When most people think of reality shows, they think of drunken fist fights, profanity laced tirades and sexual escapades.
But it’s a pretty safe bet that BYUtv’s new reality show — chronicling the gospel-filled adventures of eight real-life Mormon missionaries — won’t follow that formula.
New show to follow missionaries
“The District” will premier on BYUtv this Sunday at 6:30 p.m. Mountain time.
"The District" premiered on BYUtv Sunday at 6:30 p.m. and is, according to its creators, the first reality series to follow missionaries for The Church of Jesus Christ of Latter-day Saints.
"This is the first time the church has really allowed this level of access to the process of being a missionary," said Scott Swofford, director and producer of the series and director of content for BYU Broadcasting. He called it a realistic look at what LDS missionaries are and what they do all day.
The eight-week-long series follows six male missionaries and two female missionaries from across the country — including the Wasatch Front — as they work to spread their faith in San Diego, Calif.
Typically, young men go on two-year-long missions and young women’s missions last for a year-and-a-half. It’s a time when young Mormon men and women leave behind family and friends to throw themselves wholeheartedly into the work of proselytizing.

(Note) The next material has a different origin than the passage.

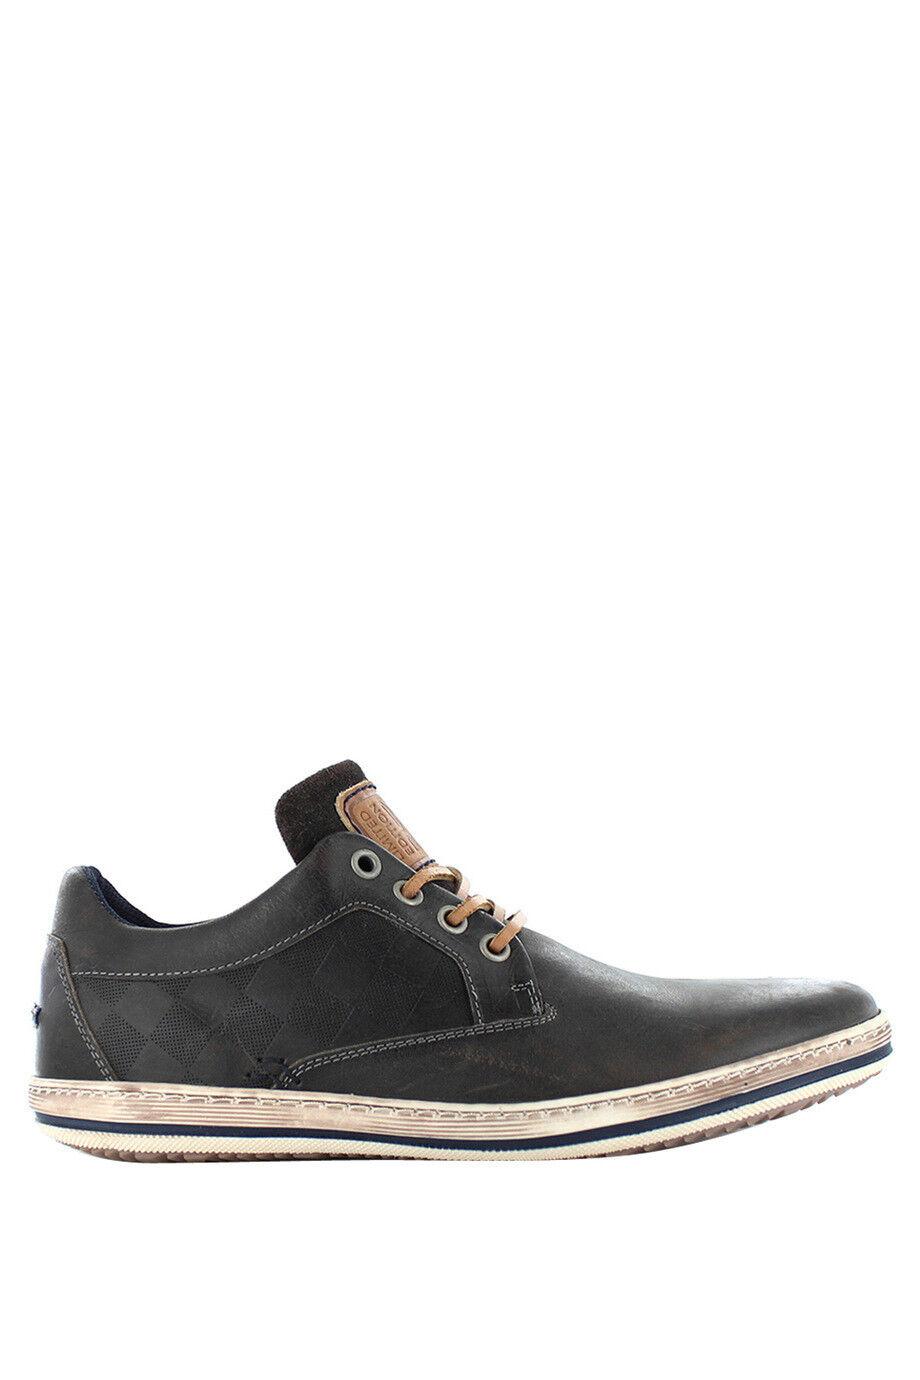 NEW Wild Rhino Cooper Leather Sneaker Grey

The series comes at a time of great interest in Mormons across the nation, with an LDS presidential candidate and "The Book of Mormon" musical thrilling audiences. But Swofford said the series wasn’t produced for those reasons.
The LDS Church’s missionary department actually began filming about three years ago aiming to use the footage for missionary training purposes, said Swofford, who was the department’s director of media at the time. Those behind the filming, however, soon realized they had compelling stories that a wider audience might appreciate.
Some of the footage did go into training videos of the same name — a district is a term for a group of six or eight missionaries in the field. But other footage, including that of the missionaries’ back stories and daily lives, went toward the TV show.
Swofford said film crews followed the missionaries six days a week for three months, ending up with about 800 hours of footage to edit. He said the series captures the highs and lows of mission life, documenting successes and disappointments. And he said the series doesn’t shy away from controversial topics, including tattoos, alcohol and chastity — all things that came up as the missionaries explained their beliefs.
Swofford said he doesn’t necessarily expect a hit, but he believes Mormons and non-Mormons may find themselves intrigued.